Selective persistence of Oracle Diagnostic Logging (ODL) output

Background and Goal

In any application, logging is widely used for diagnostics and debugging. 

Logging at various "checkpoints" (such as entering with request, exiting with response, error handler) in the application can provide a fairly reliable way to trace the execution path of the application - which a subsequent sweep or count can be used to report on. When the logs are regularly analysed and reported on, anomalies can get flagged up proactively and investigated further. Some examples include: a report on requests without a corresponding responses, and a report on fault counts and fault codes.

For such reporting, one can write fairly complex scripts to extract the required data OR persist specific log entries to a database for querying using SQL tools or even a custom-designed user interface. This blog post shows an easy approach to achieve this. 

Oracle Diagnostics Logging

In Oracle Fusion Middleware, the Oracle Diagnostics Logging (ODL) framework is responsible for handling all application level logging. The main configuration for ODL is stored in a file called logging.xml, a copy of which is configured in each managed server and the Admin server (this configuration can also be done via the fusion middleware control)
Briefly, the ODL consists of a set of pre-defined "log handlers" (represented by log_handler elements in logging.xml that in turn use an implementation class or interface and filters and are configured using a set of nested property elements) 

Each application or sub-system is then identified by a logger element - where a logger can use one or more log handlers. Loggers form an inheritable hierarchy where sub-loggers can inherit parent logger properties but can override these as well. 

Loggers called "console-handler" and "odl-handler" are two common ones - sending outputs to the server console and a ${SERVER_NAME}-diagnostic.log file respectively. 

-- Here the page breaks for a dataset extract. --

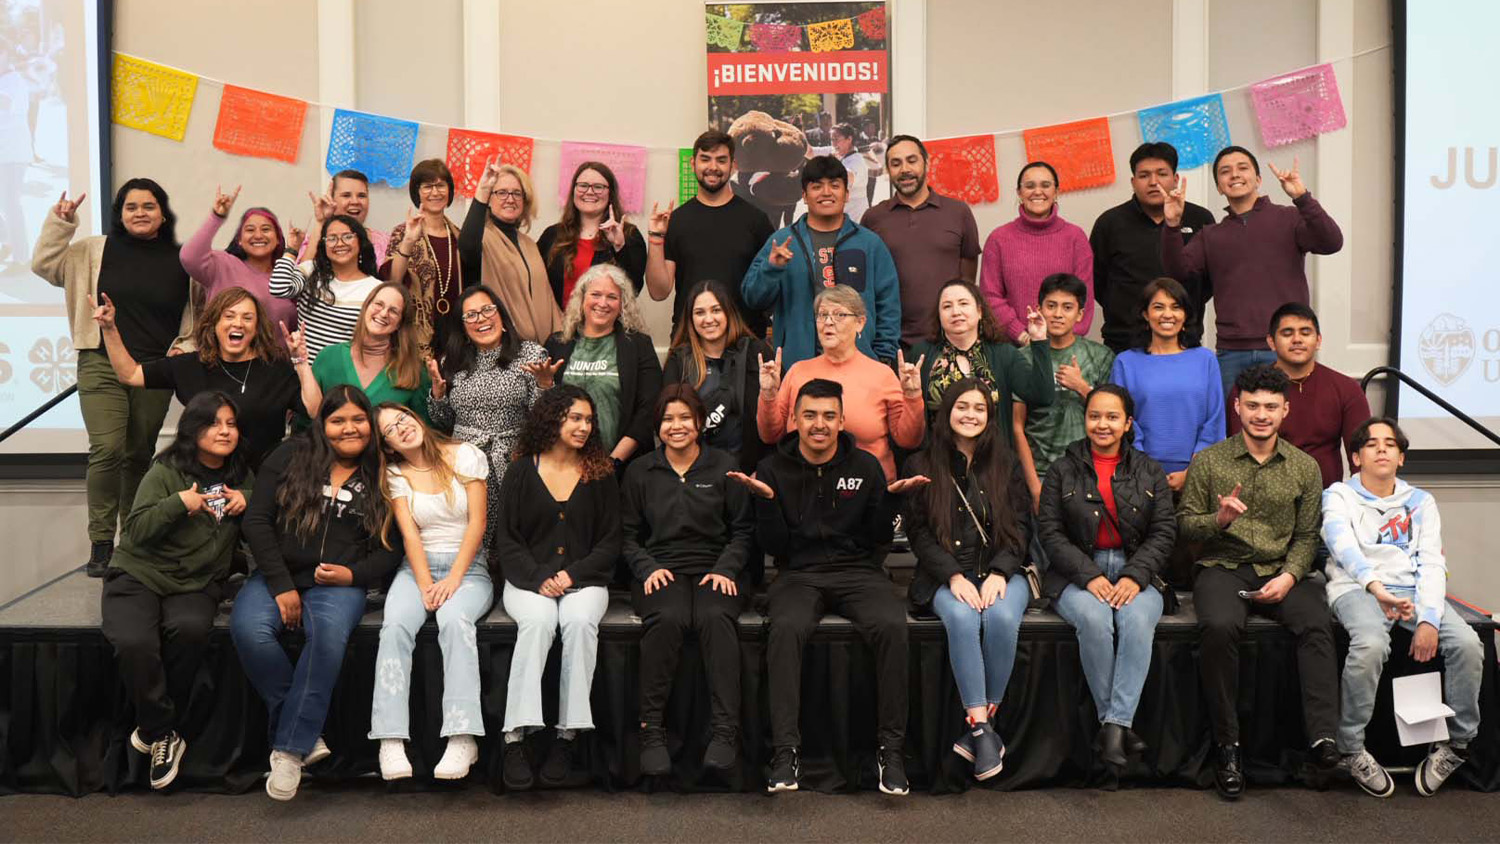 A large group of students and professionals pose for a photo in front of a banner that reads "Bienvenidos!"

Oracle Service Bus (OSB) Pipeline logs

In the Oracle Service Bus, "log" and "report" are two actions that can be used in complementary ways. 
The Log action used in OSB pipelines specifically uses the ODL framework to write content to the configured log files. The logger used is oracle.osb.logging.pipeline and in the default setup, the output goes to the odl-handler and in turn, to the server specific diagnostic.log file. 

You can view the standard/default configuration of the odl-handler in logging.xml

Custom Log Handler for OSB pipeline logs

I created a slight variant of the odl-handler and called it SBMessageFlowtraceHandler
This is the configuration I created for it:


   

The key differences from the configuration for odl-handler are:
* The output generated is an XML structure instead of the default text
* I used a rotation frequency of 1 minute - I will come to the reason later
* Used a specific file name pattern and location 

The log handler created above was then mapped to the OSB logger below (which is also a parent logger of oracle.osb.logging.pipeline:
  

The result of the above configuration is that any log actions used in the pipelines start getting routed to my new osb_managed_server-diagnostic.xml log file. One such entry can be seen below:



We can observe that each log entry is represented by a "msg" element. This includes the original content we logged within the "txt" element but also a lot of interesting metadata:
1. Timestamp of the message in the time attribute
2. host name / IP address where the OSB managed server was running
3. ECID - an invaluable identifier that can be used to search for other related entries in all related OSB logs across servers
4. Within the txt element, there is the 4-tuple structure enclosed in square brackets that includes the route name and whether it was the REQUEST, RESPONSE or ERROR handler pipeline. 

To map these to design time, I have included this image of the relevant section of my pipeline:

Log extraction and Persistence

Once we have made the diagnostic logs available in a well defined format and location, the solution is just like any other OSB project that uses a file transport based proxy service. 
We can use a simple file transport/poller, combined with an XSL transformation and the DBAdapter to save this data into the database!
I have created a draft OSB project with JDev/OSB 12.2.1 that does precisely this here:

The database includes a simple table with these main columns:
1) MessageDateTime - timestamp of the original message, which we can pick from the logs as shown above
2) AuditDateTime - the timestamp when the data was inserted into the database (there is likely to be a slight delay between when the logs are written and when they are polled for persistence)
3) MessagePayload - to store the actual content of the message: which would either be the full content of the 'txt' element or the part after "log summary:". In my example, this is of type XML (SQL Server)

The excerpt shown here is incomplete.